The most informative sources I had found were the interview that writer and folklorist William Owens conducted with her in 1956 for the Oral History of the Texas Oil Industry project and the article, “The Seer of Corsicana,” that Owens published in the Spring 1958 issue of  Southwest Review. Owens found Annie Buchanan’s home, “a mansion among shacks and shotgun houses,” on the south side of Corsicana. In her waiting room, he encountered a mixed-race and mixed-class clientele, some from out of state, who’d come for advice on matters ranging from health to love and fortune. One told a story about the psychic’s locating of a lost hound dog.
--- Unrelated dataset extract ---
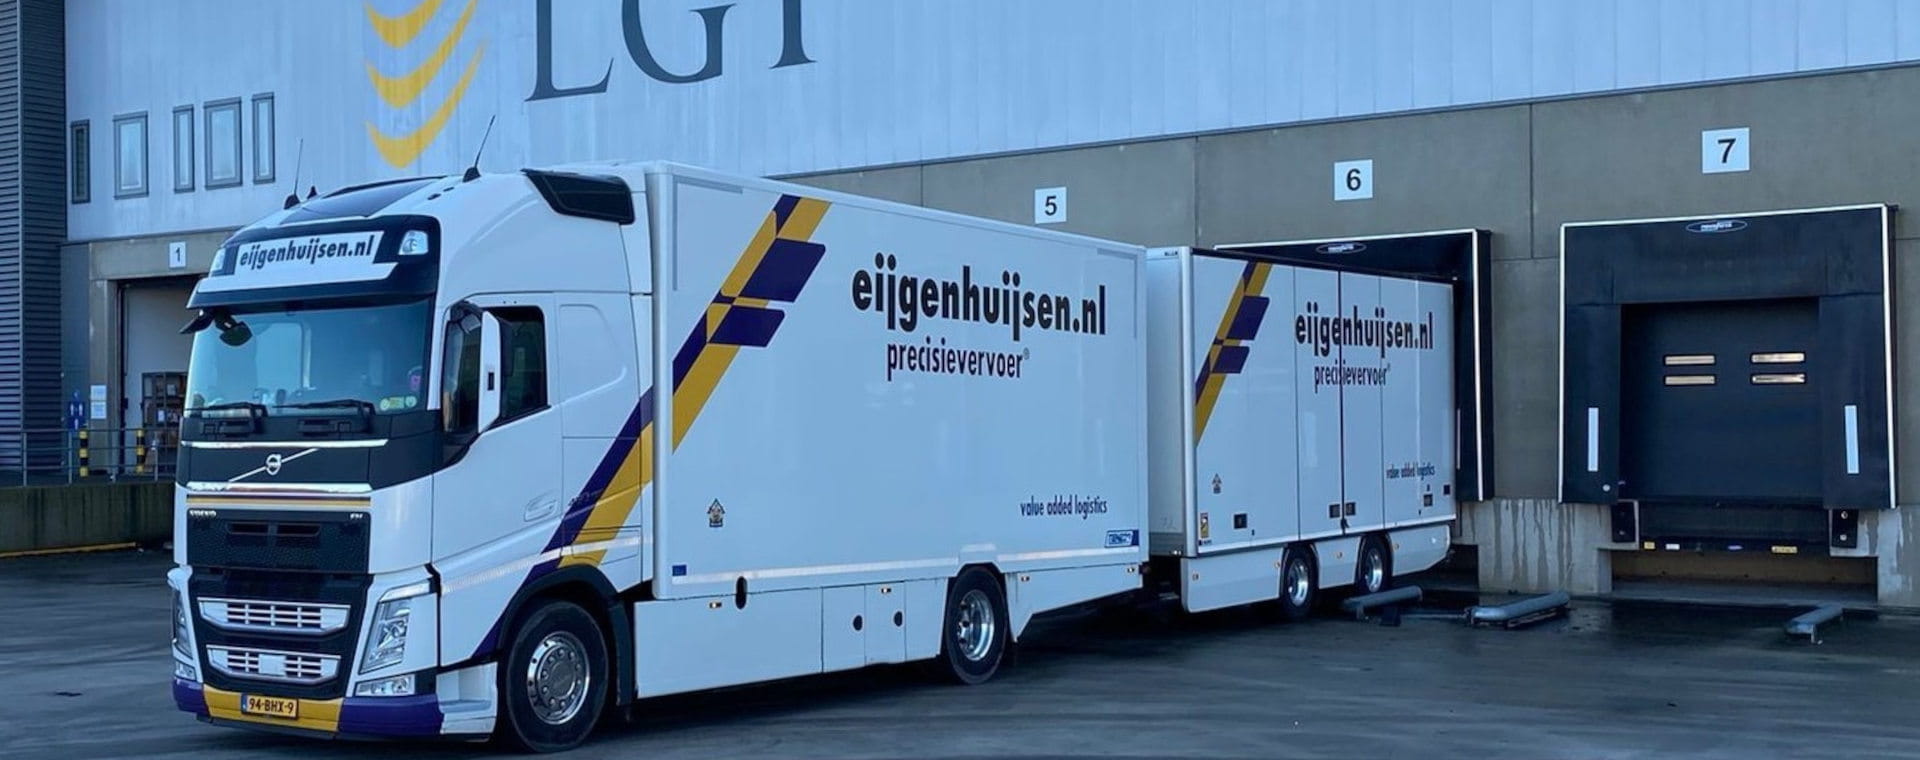 Elanders buys Dutch company | LGI

An ex-G.I.  had driven 50 miles to buy a bottle of Rawleigh’s cathartic pills from “Miss Annie” because the medicine seemed to work better when purchased directly from her. 

Installation view

The Seer of Corsicana, India ink on Bemis seamless sack, detail

The Seer of Corsicana, India ink on Bemis seamless sack, detail

Webb’s installation includes text-based works that draw on Owens’ interview and article. One references a sign that the folklorist found in her waiting room: “I will not read to ‘women’ who ‘smoke’ are ware ‘pants’ are ‘slacks’ here. Positively no ‘drinking.’ By Mrs. Annie Jackson.” (Researching the clairvoyant, one encounters the challenge of navigating several surnames as she is believed to have been married some seven or eight times.) Webb’s text works also note the story Owens collected about Buchanan’s birth. The doctor, who arrived after she was already born, exclaimed that he’d never seen a baby like Annie. “When he examined me,” the psychic told the folklorist, “my feet was back that way and my hands down by my thighs. My haid was down on my shoulders. He says, ‘Look here, she’s got a mouth full of teeth… this is a clairvayan… Some folks calls them fortunetellers. She’s no fortuneteller… She can tell you things under the earth just like she can on top.’”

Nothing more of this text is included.